* Slow deduplication
@ 2025-03-02 8:47 Steinar H. Gunderson
2025-03-02 21:35 ` Dave Chinner
0 siblings, 1 reply; 6+ messages in thread
From: Steinar H. Gunderson @ 2025-03-02 8:47 UTC (permalink / raw)
To: linux-xfs
Hi,
I'm investigating XFS block-level deduplication via reflink (FIDEDUPERANGE),
and I'm trying to figure out some performance problems I've got. I have a
fresh filesystem of about 4–8 TB (made with mkfs.xfs 6.1.0) that I copied
data into a few days ago, and I'm running 6.13.0-rc4 (since that was the most
recent when I last had the change to boot; I believe I've seen this before
with older kernels, so I don't think this is a regression).
The underlying block device is an LVM volume on top of a RAID-6, and when
I read sequentially from large files, it gives me roughly 1.1 GB/sec
(although not completely evenly). My deduplication code works in mostly
the obvious way, in that it first reads files, hashes blocks from them,
then figures out (through some algorithms that are not important here) what
file ranges should be deduplicated.
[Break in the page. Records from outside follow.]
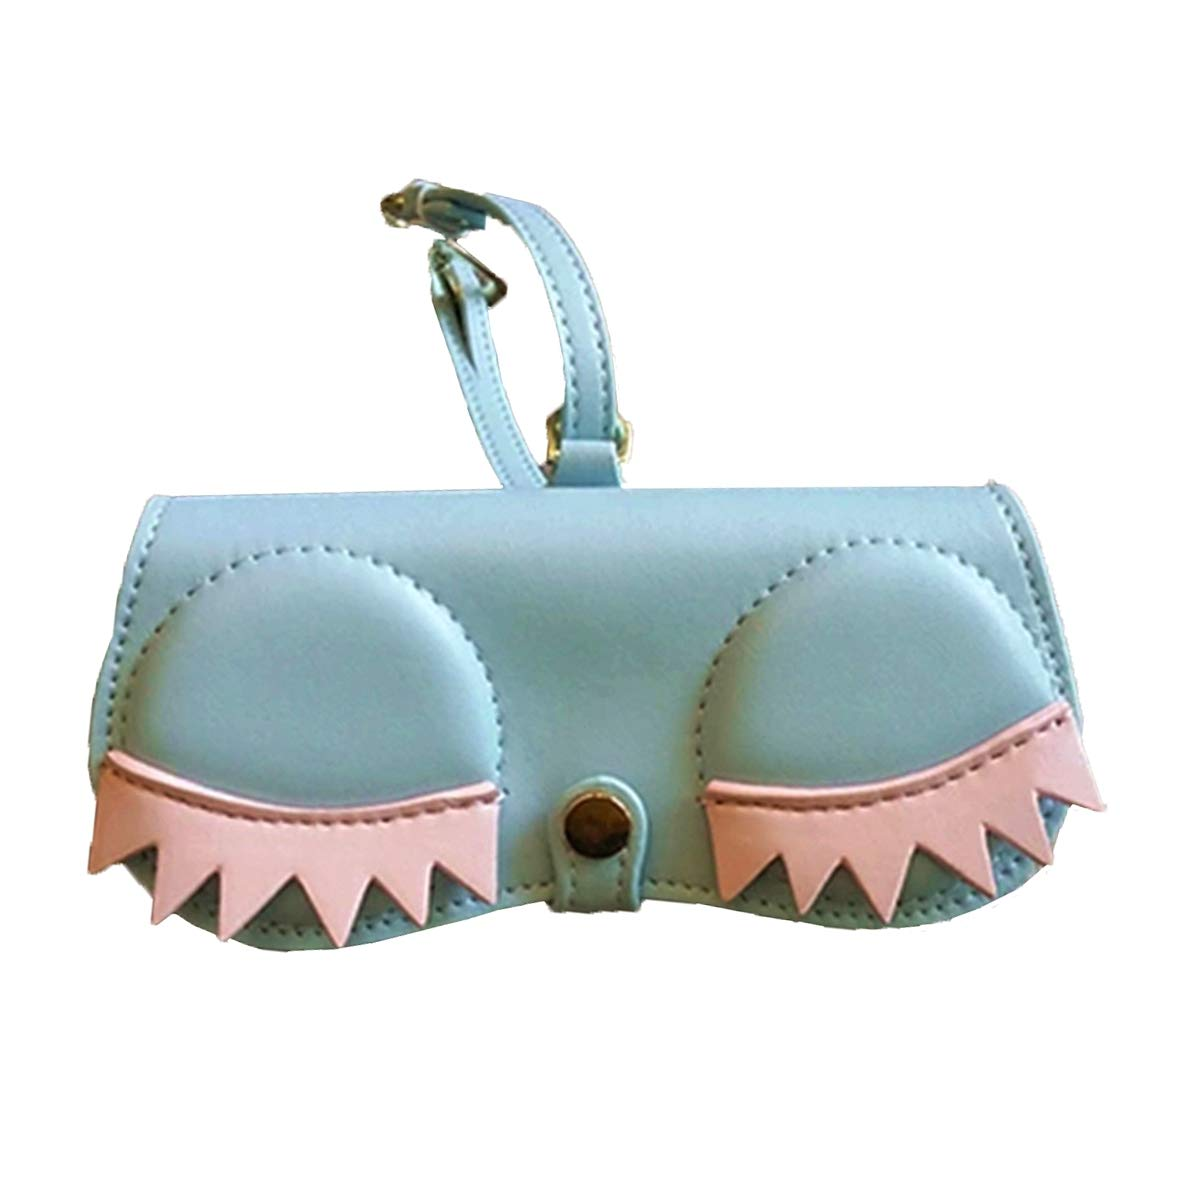 bluee Eyelash Poppow Women's Handmade Sunglasses Case, Cute Leather Eyeglasses Case Bag Keychain Charm Decoration Pendant Gift Accessory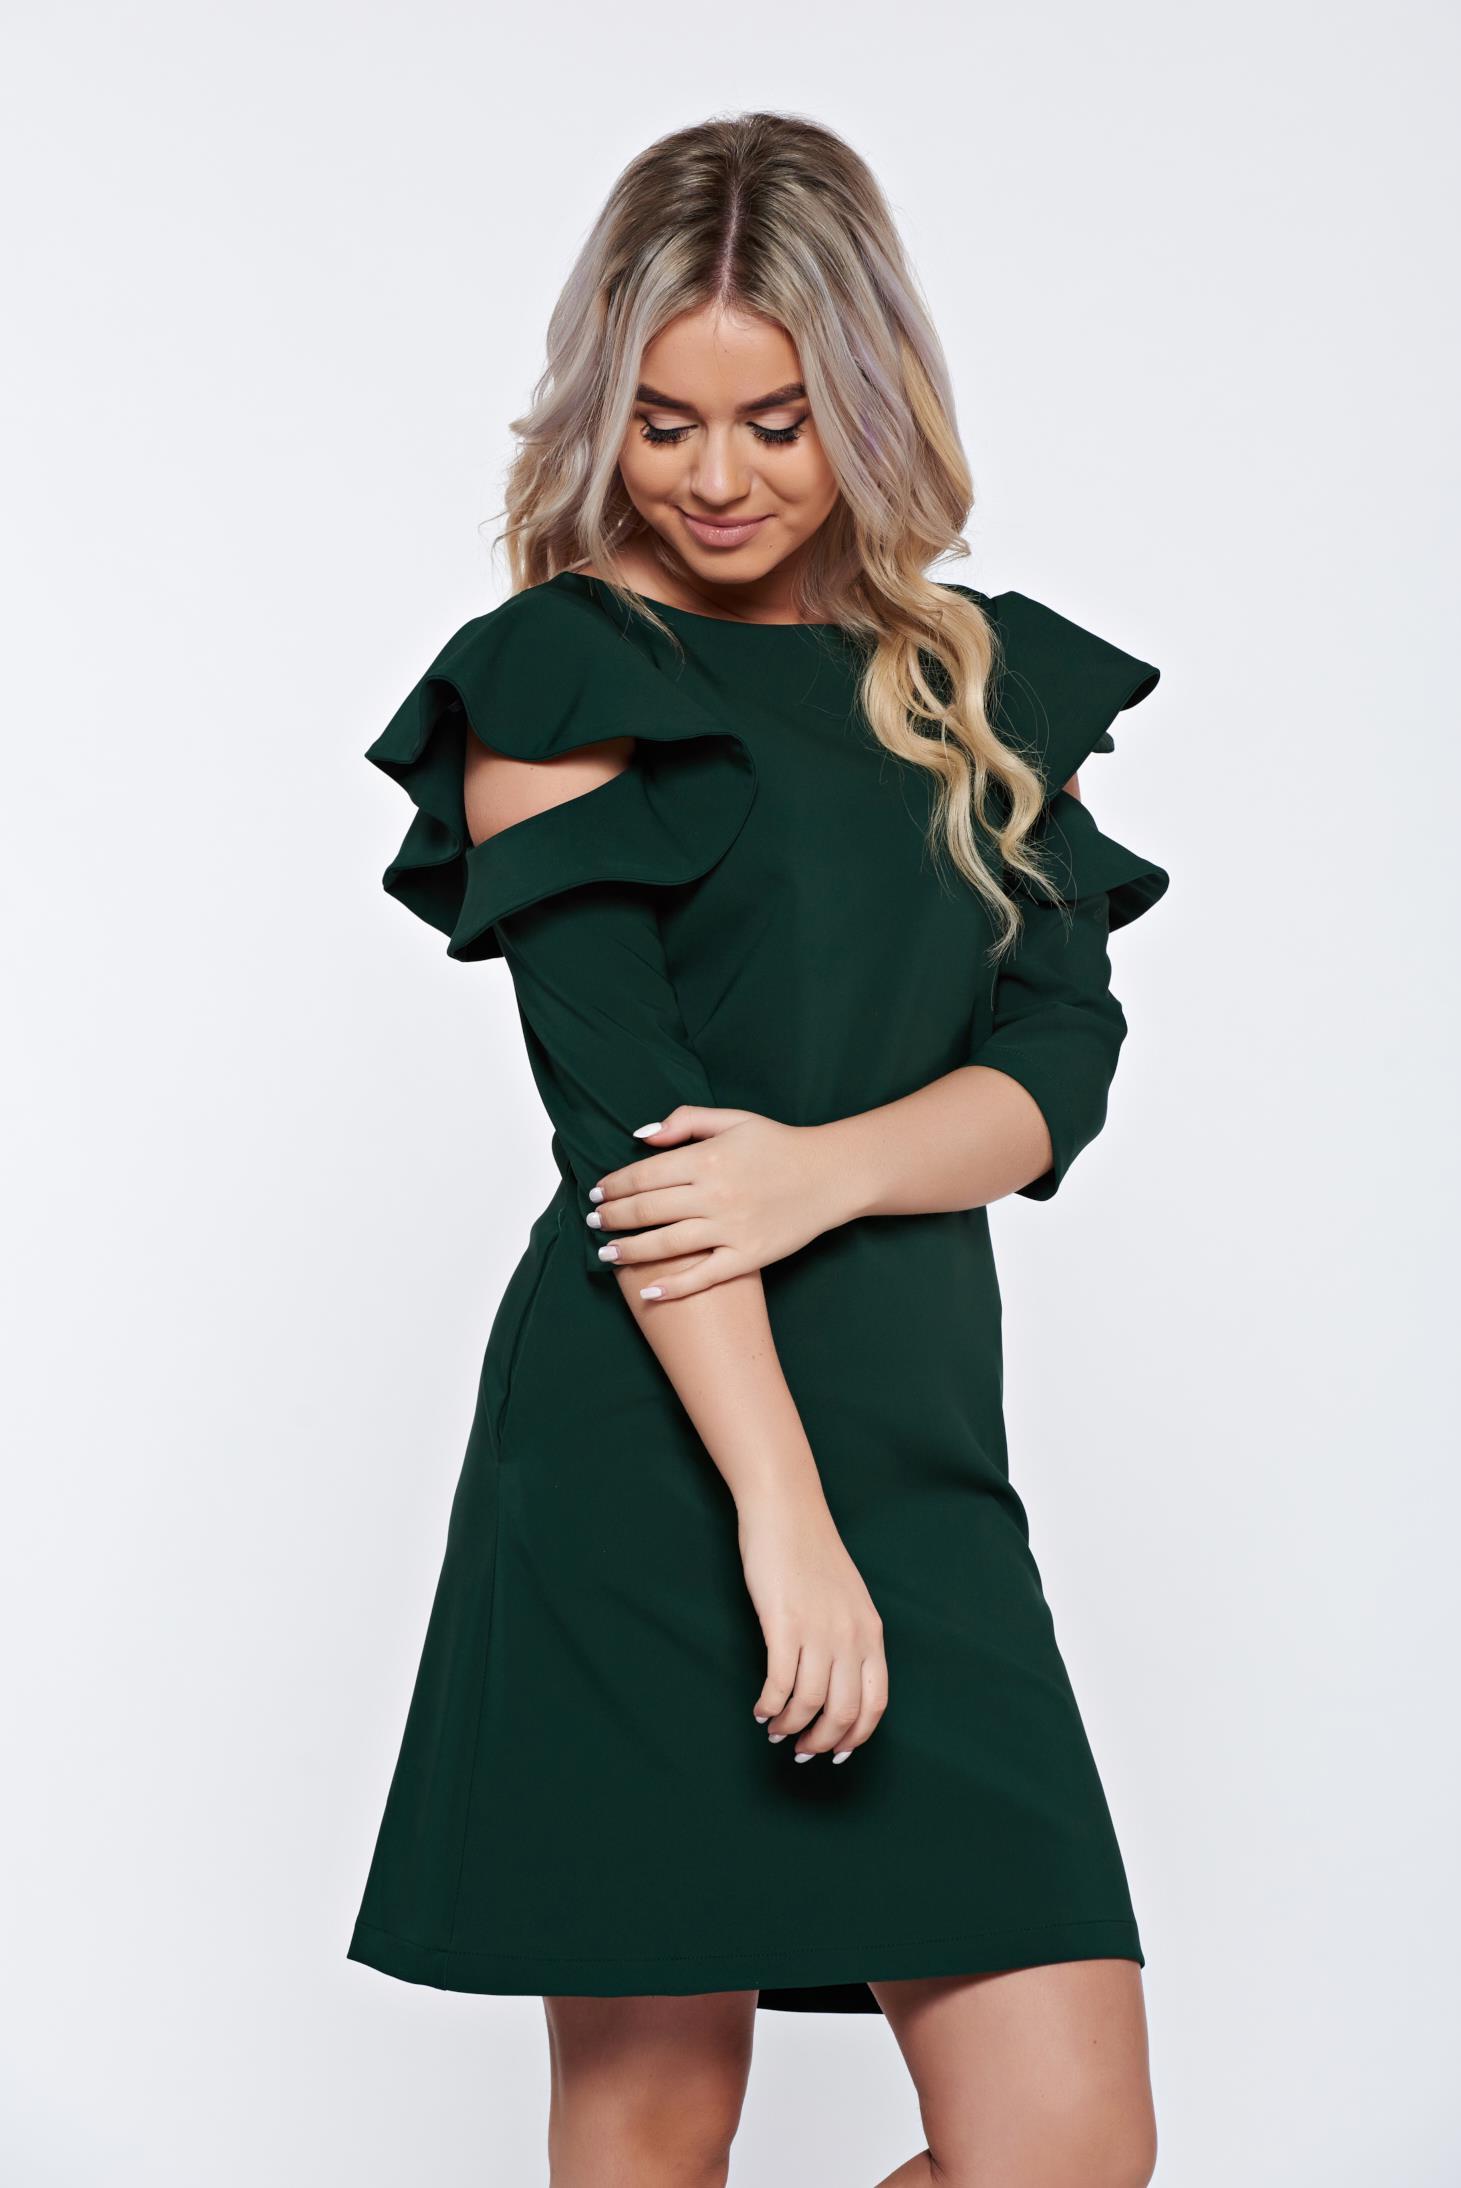 Rochie LaDonna verde-inchis cu croi larg din stofa usor elastica cu volanase la maneca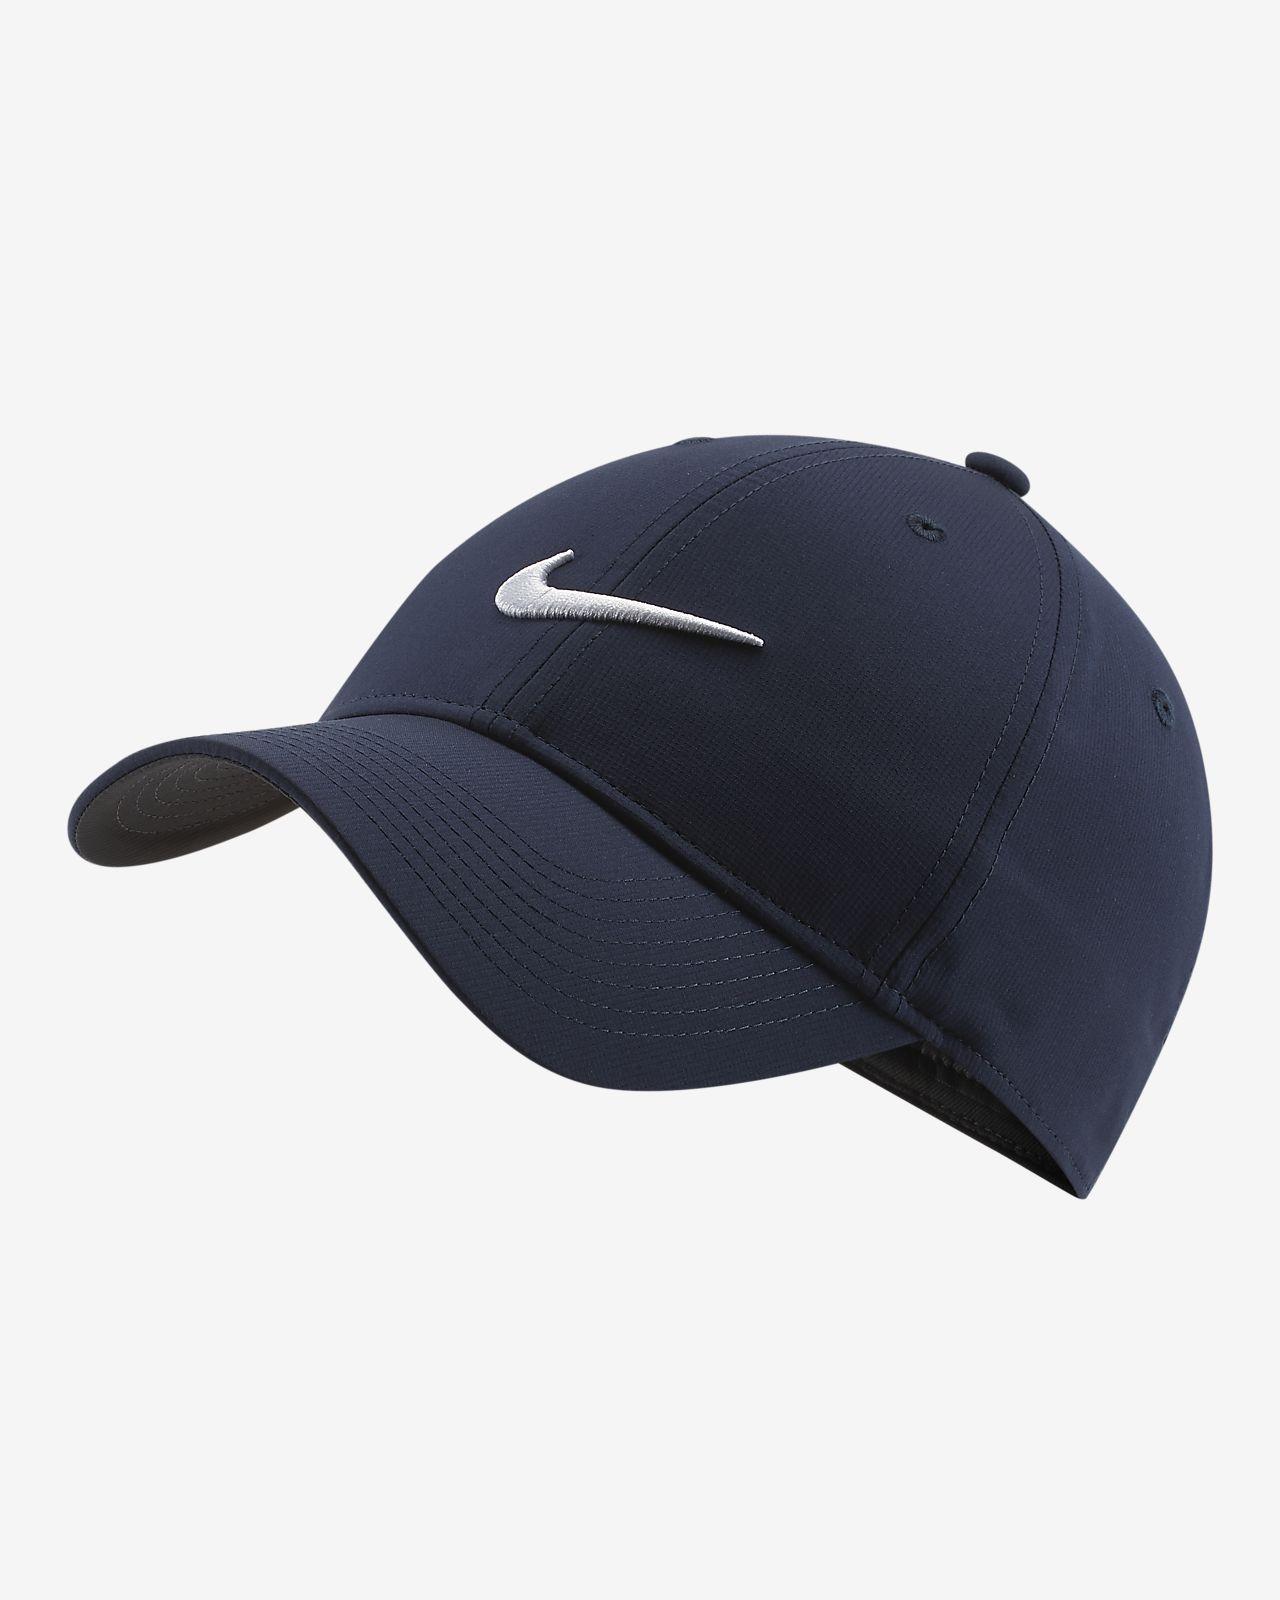 Nike Legacy 91 Verstellbare Golfkappe

And the latter part is slow; almost so
slow as to be unusable.
For instance, I have 13 files of about 10 GB each that happen to be identical
save for the first 20 kB. My program has identified this, and calls
ioctl(FIDEDUPERANGE) with one of the files as source and the other 12
as destinations, in consecutive 16 MB chunks (since that's what
ioctl_fideduprange(2) recommends; I also tried simply a single 10 GB call
earlier, but it was no faster and also stopped after the first gigabyte);
strace gives:
ioctl(637, BTRFS_IOC_FILE_EXTENT_SAME or FIDEDUPERANGE,
{src_offset=4294971392, src_length=16777216, dest_count=12,
info=[{dest_fd=638, dest_offset=4294971392},
{dest_fd=639, dest_offset=4294971392},
{dest_fd=640, dest_offset=4294971392},
{dest_fd=641, dest_offset=4294971392},
{dest_fd=642, dest_offset=4294971392},
{dest_fd=643, dest_offset=4294971392},
{dest_fd=644, dest_offset=4294971392},
{dest_fd=645, dest_offset=4294971392},
{dest_fd=646, dest_offset=4294971392},
{dest_fd=647, dest_offset=4294971392},
{dest_fd=648, dest_offset=4294971392},
{dest_fd=649, dest_offset=4294971392}]}
This ioctl call successfully deduplicated the data, but it took 71.52 _seconds_.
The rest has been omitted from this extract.